→ GIVEN MATERIAL
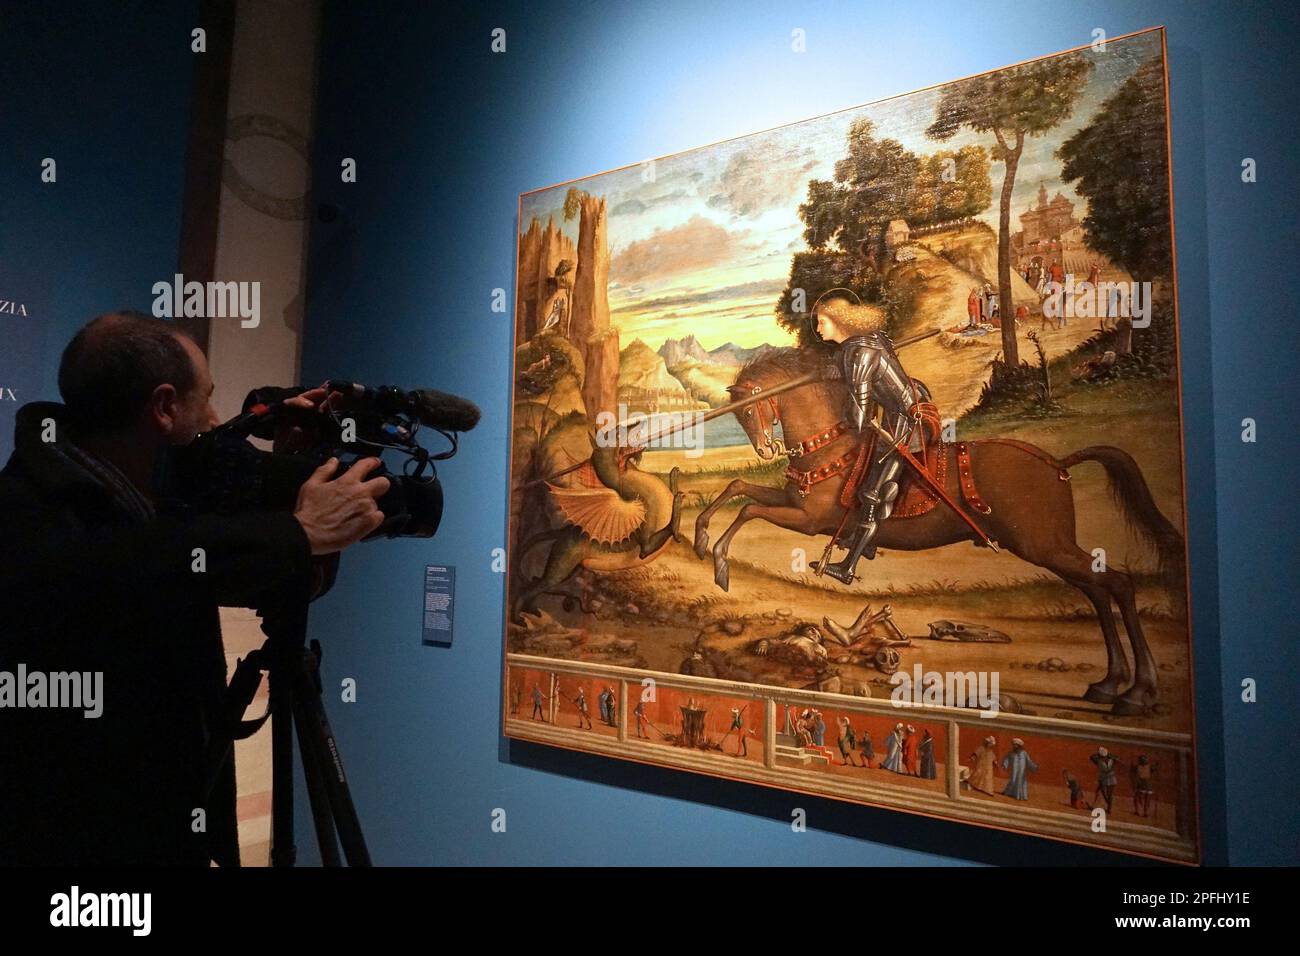 Venice, Italy. 17th Mar, 2023. A cameraman films 'San Giorgio killing the dragon', from the cycle of San'Orsola made by Vittore Carpaccio in 1516, today 17 March 2023 at the preview for the press at Palazzo Ducale. © ANDREA MEROLA A cameraman films 'Saint George kills the dragon', from the cycle of Saint Ursula made by Vittore Carpaccio in 1516, today 17 March 2023 at the press preview at Palazzo Ducale. © Andrew MEROLA Credit: Independent Photo Agency/Alamy Live News Stock Photo
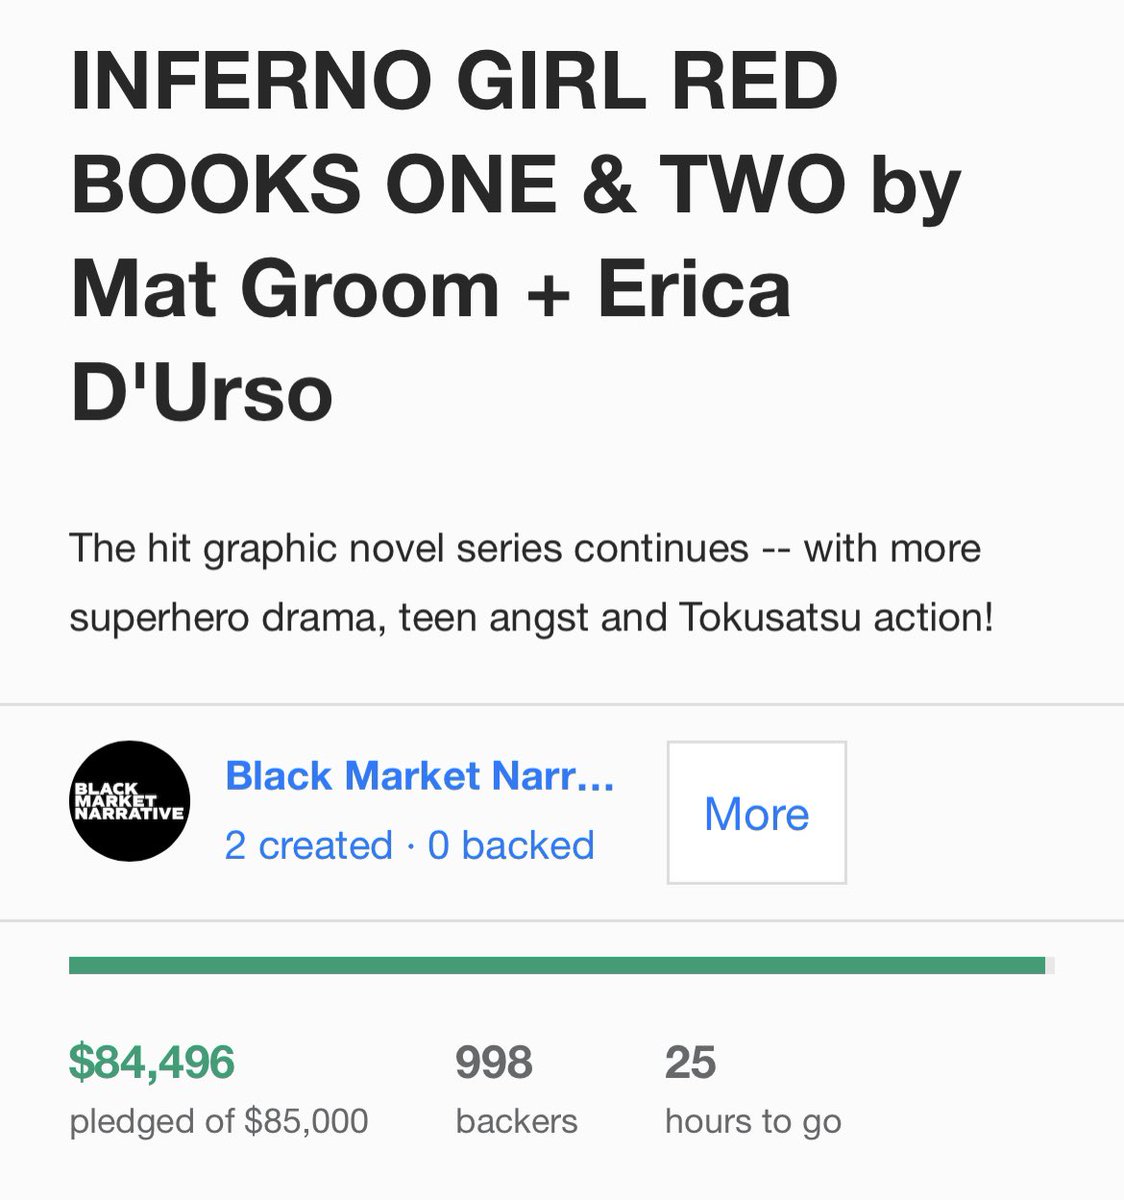 We are so close to the end. We only need to raise around $500. C’mon y’all. Let’s do this. #InfernoIgnite #InfernoGirlRed
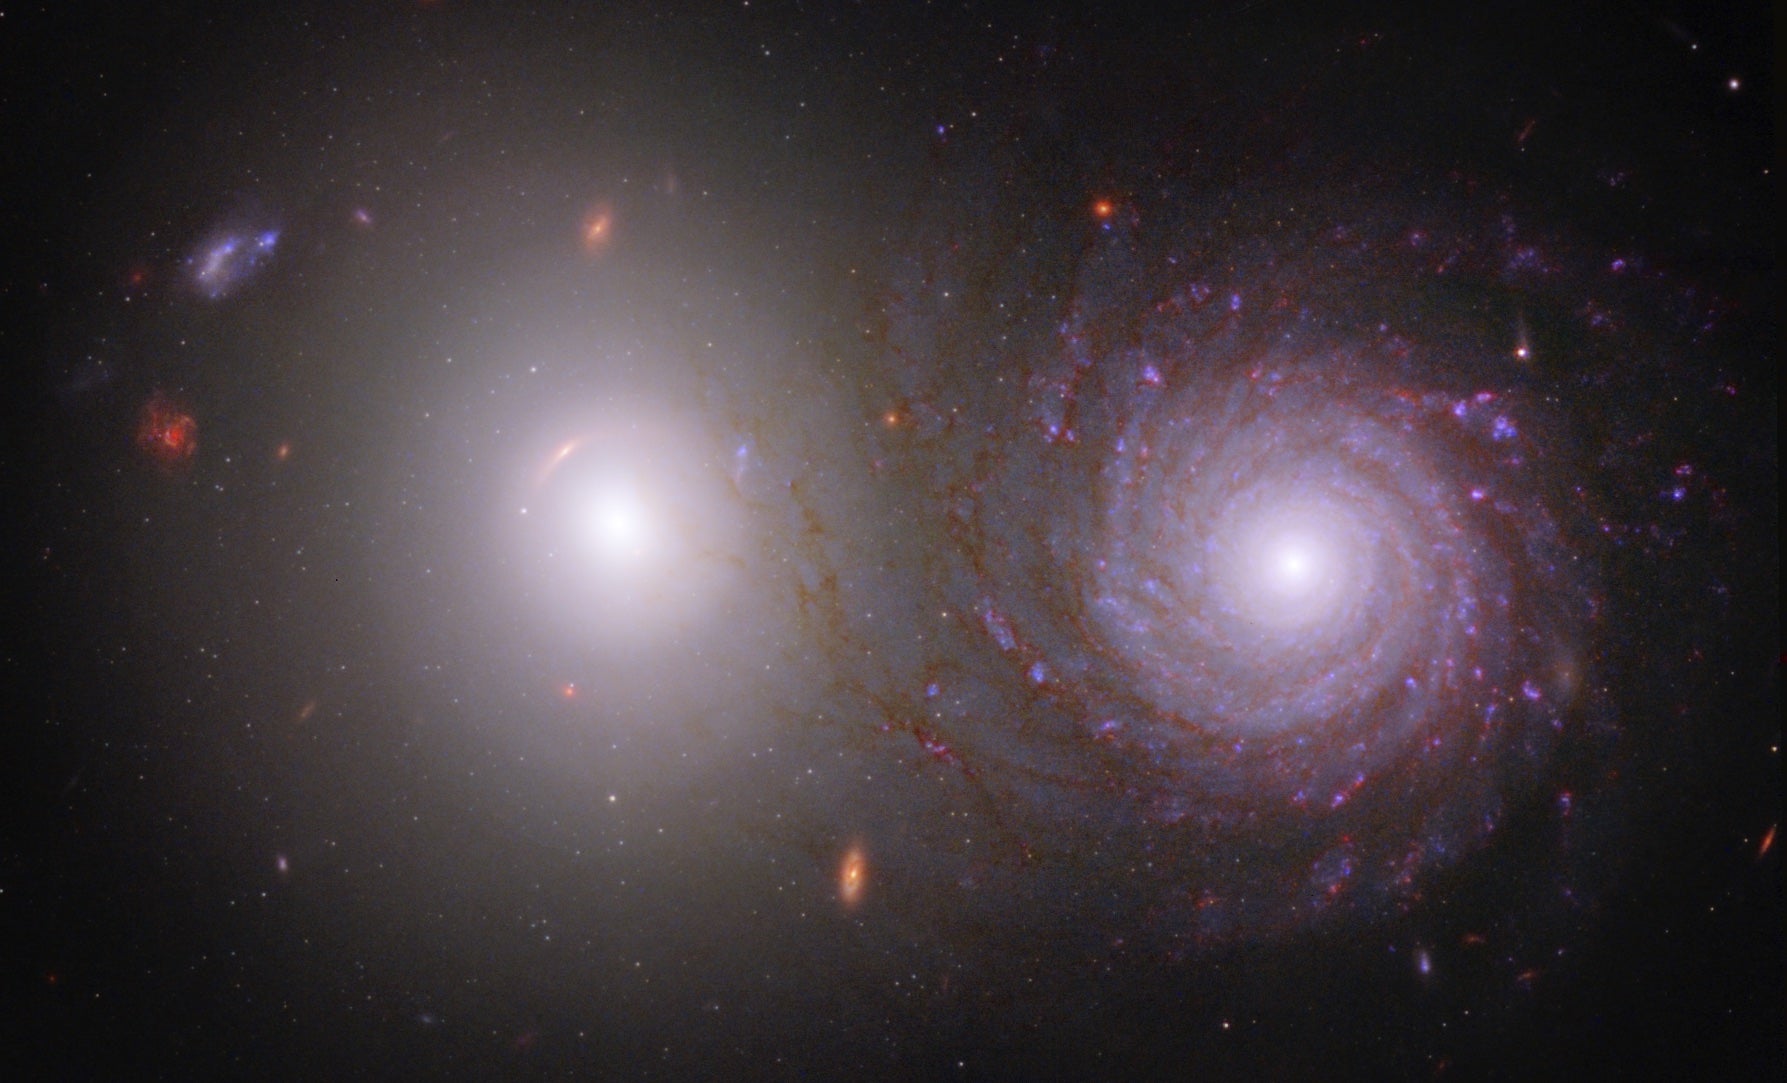 A galaxy pair as imaged by both the Hubble and James Webb space telescopes

→ EXERCISE AIM
An exact copy of the material above is required, minus its images.

→ RESULT
 Venice, Italy. 17th Mar, 2023. A cameraman films 'San Giorgio killing the dragon', from the cycle of San'Orsola made by Vittore Carpaccio in 1516, today 17 March 2023 at the preview for the press at Palazzo Ducale. © ANDREA MEROLA A cameraman films 'Saint George kills the dragon', from the cycle of Saint Ursula made by Vittore Carpaccio in 1516, today 17 March 2023 at the press preview at Palazzo Ducale. © Andrew MEROLA Credit: Independent Photo Agency/Alamy Live News Stock Photo
 We are so close to the end. We only need to raise around $500. C’mon y’all. Let’s do this. #InfernoIgnite #InfernoGirlRed
 A galaxy pair as imaged by both the Hubble and James Webb space telescopes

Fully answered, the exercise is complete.